Workflow System Overview

Changed in version 0.6.3: The workflow system was simplified from 9 presets to 3 smart workflows: auto, auto_global, and hpc. The system now automatically selects the optimal strategy based on memory constraints and problem characteristics.

NLSQ provides automatic workflow selection based on memory constraints and dataset characteristics. The system analyzes available memory and data size to choose the optimal fitting strategy, preventing out-of-memory errors while maximizing performance.

The Three Workflows

NLSQ v0.6.3 provides three workflows that cover all use cases:

Workflow

Description

Bounds

Use Case

auto

Memory-aware local optimization

Optional

Default. Standard curve fitting.

auto_global

Memory-aware global optimization

Required

Multi-modal problems, unknown initial guess.

hpc

auto_global + checkpointing

Required

Long-running HPC jobs.

workflow=”auto” (Default)

The default workflow for local optimization. It automatically selects the best memory strategy based on your data size:

from nlsq import fit
import jax.numpy as jnp


def model(x, a, b, c):
    return a * jnp.exp(-b * x) + c


# Default: workflow="auto"
result = fit(model, x, y, p0=[1.0, 0.5, 0.1])

# Explicit workflow selection
result = fit(model, x, y, p0=[1.0, 0.5, 0.1], workflow="auto")

# With optional bounds (constrains solution to valid range)
result = fit(
    model, x, y, p0=[1.0, 0.5, 0.1], workflow="auto", bounds=([0, 0, -1], [10, 5, 1])
)

workflow=”auto_global”

For problems with multiple local minima or unknown initial guesses. Requires bounds to define the search space.
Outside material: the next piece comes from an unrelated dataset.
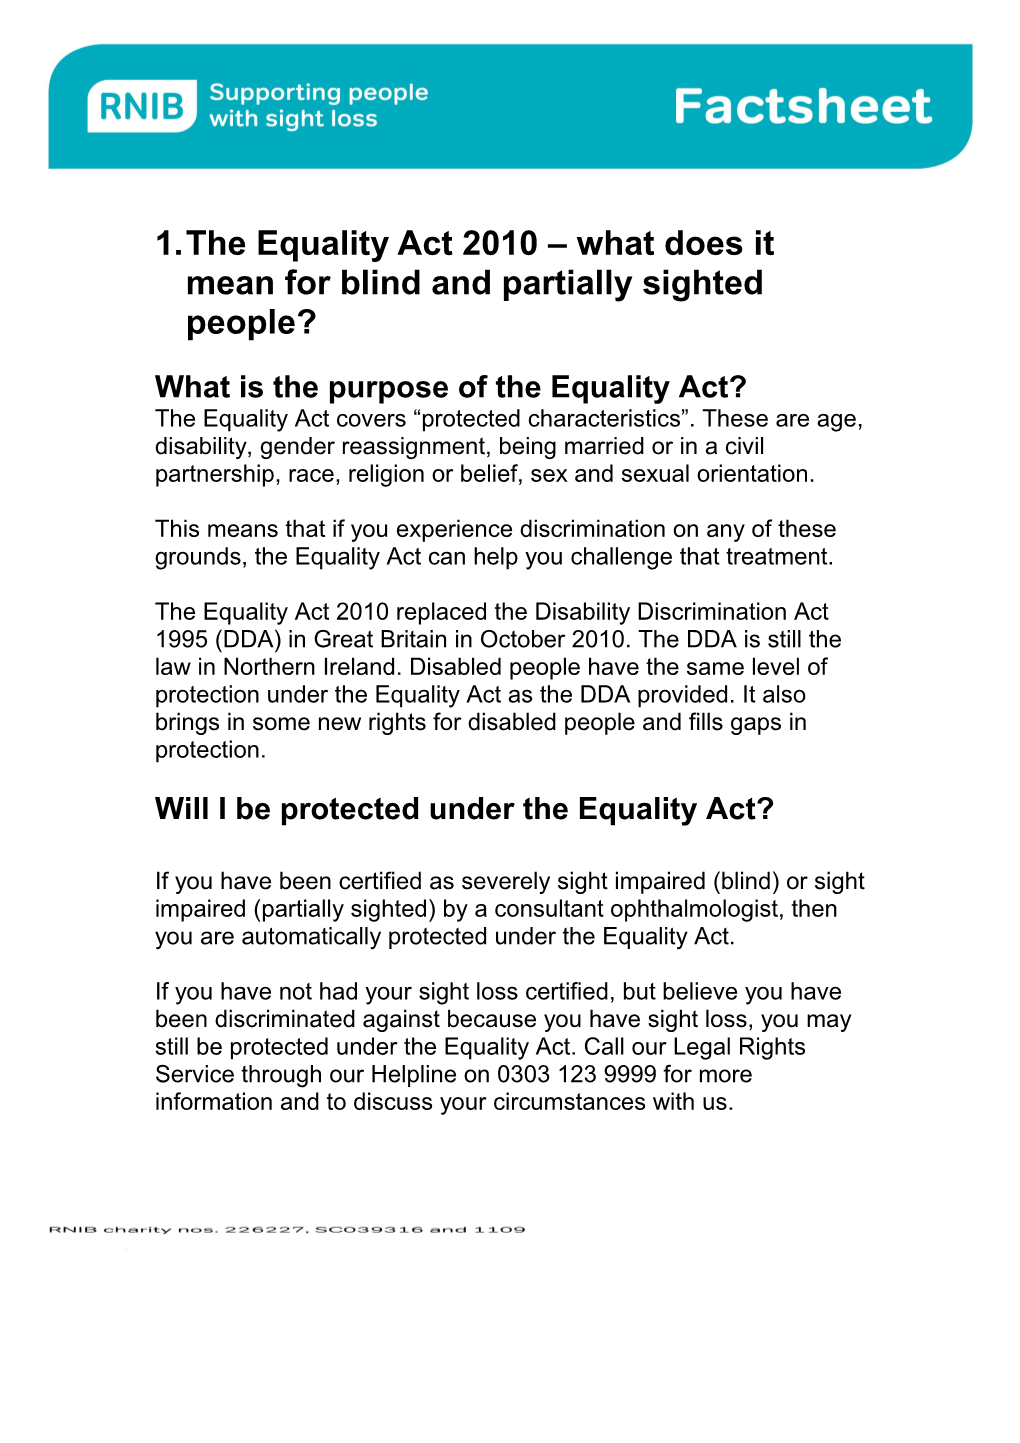 The Equality Act 2010 What Does It Mean for Blind and Partially Sighted People?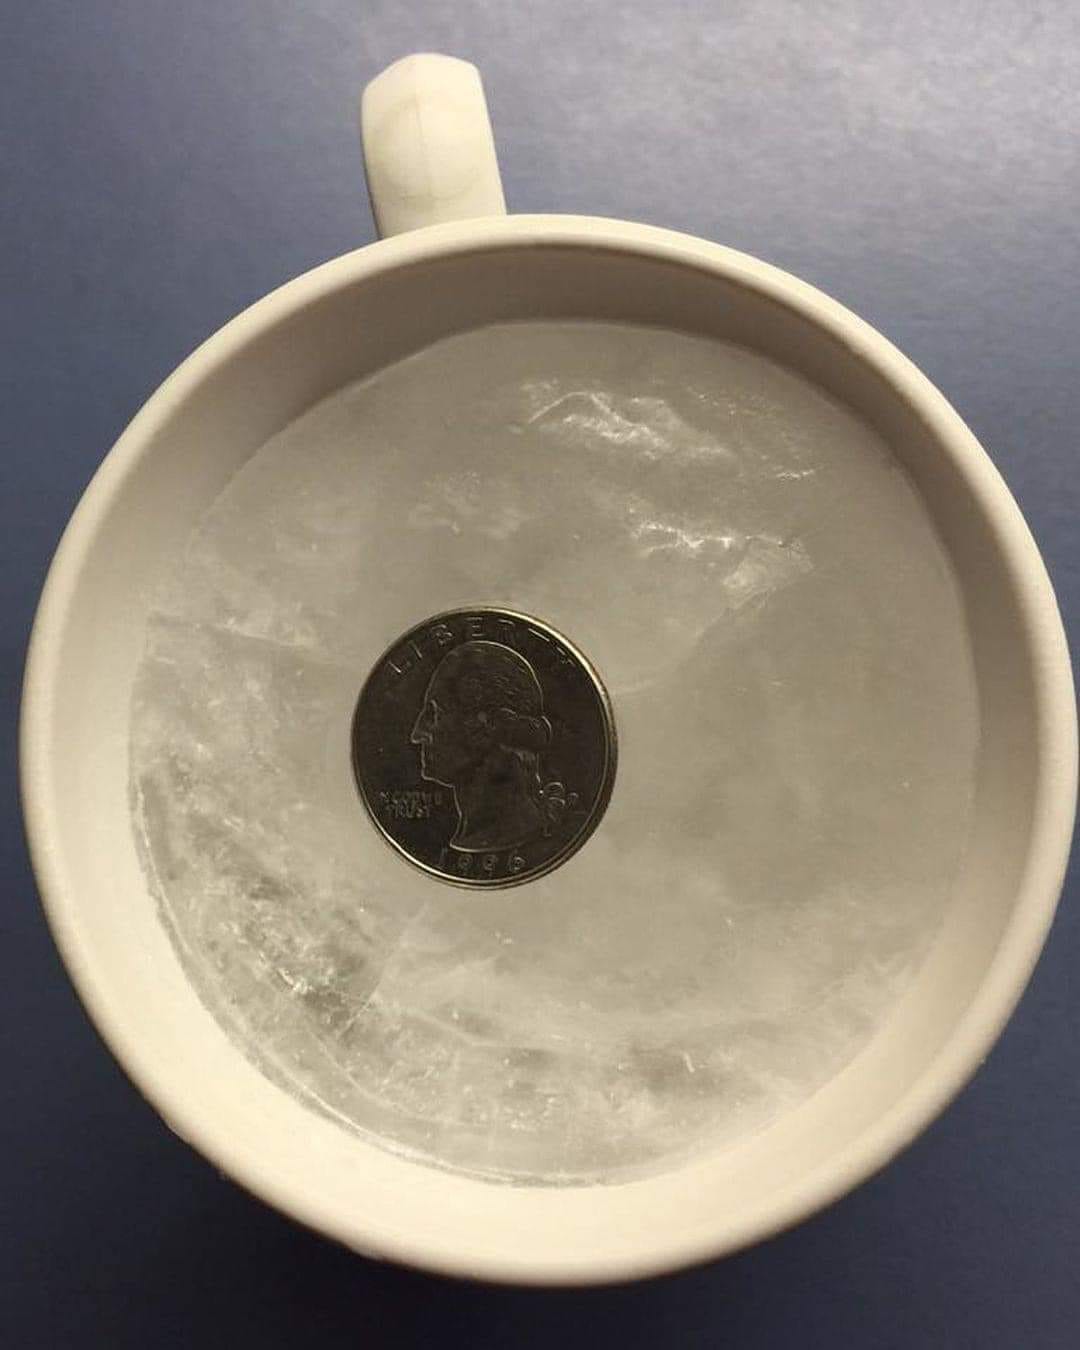 Why You Should Always Place a Coin on a Frozen Cup of Water Before Storms

The system automatically selects between:

  • CMA-ES: When parameter scale ratio > 1000 (wide bounds relative to typical values)

  • Multi-Start: Otherwise, using Latin Hypercube Sampling

from nlsq import fit

# Global optimization with automatic method selection
result = fit(
    model,
    x,
    y,
    p0=[1.0, 0.5, 0.1],
    workflow="auto_global",
    bounds=([0, 0, 0], [10, 5, 1]),
    n_starts=10,  # For multi-start (default: 10)
)

workflow=”hpc”

For long-running jobs on HPC clusters. Wraps auto_global with automatic checkpointing for crash recovery.

from nlsq import fit

result = fit(
    model,
    x,
    y,
    p0=[1.0, 0.5, 0.1],
    workflow="hpc",
    bounds=([0, 0, 0], [10, 5, 1]),
    checkpoint_dir="/scratch/my_job/checkpoints",
    checkpoint_interval=10,  # Save every 10 generations/starts
)

Memory Strategy Selection

Both auto and auto_global workflows use the MemoryBudgetSelector to choose the optimal memory strategy. The selector uses 75% of available RAM as the threshold.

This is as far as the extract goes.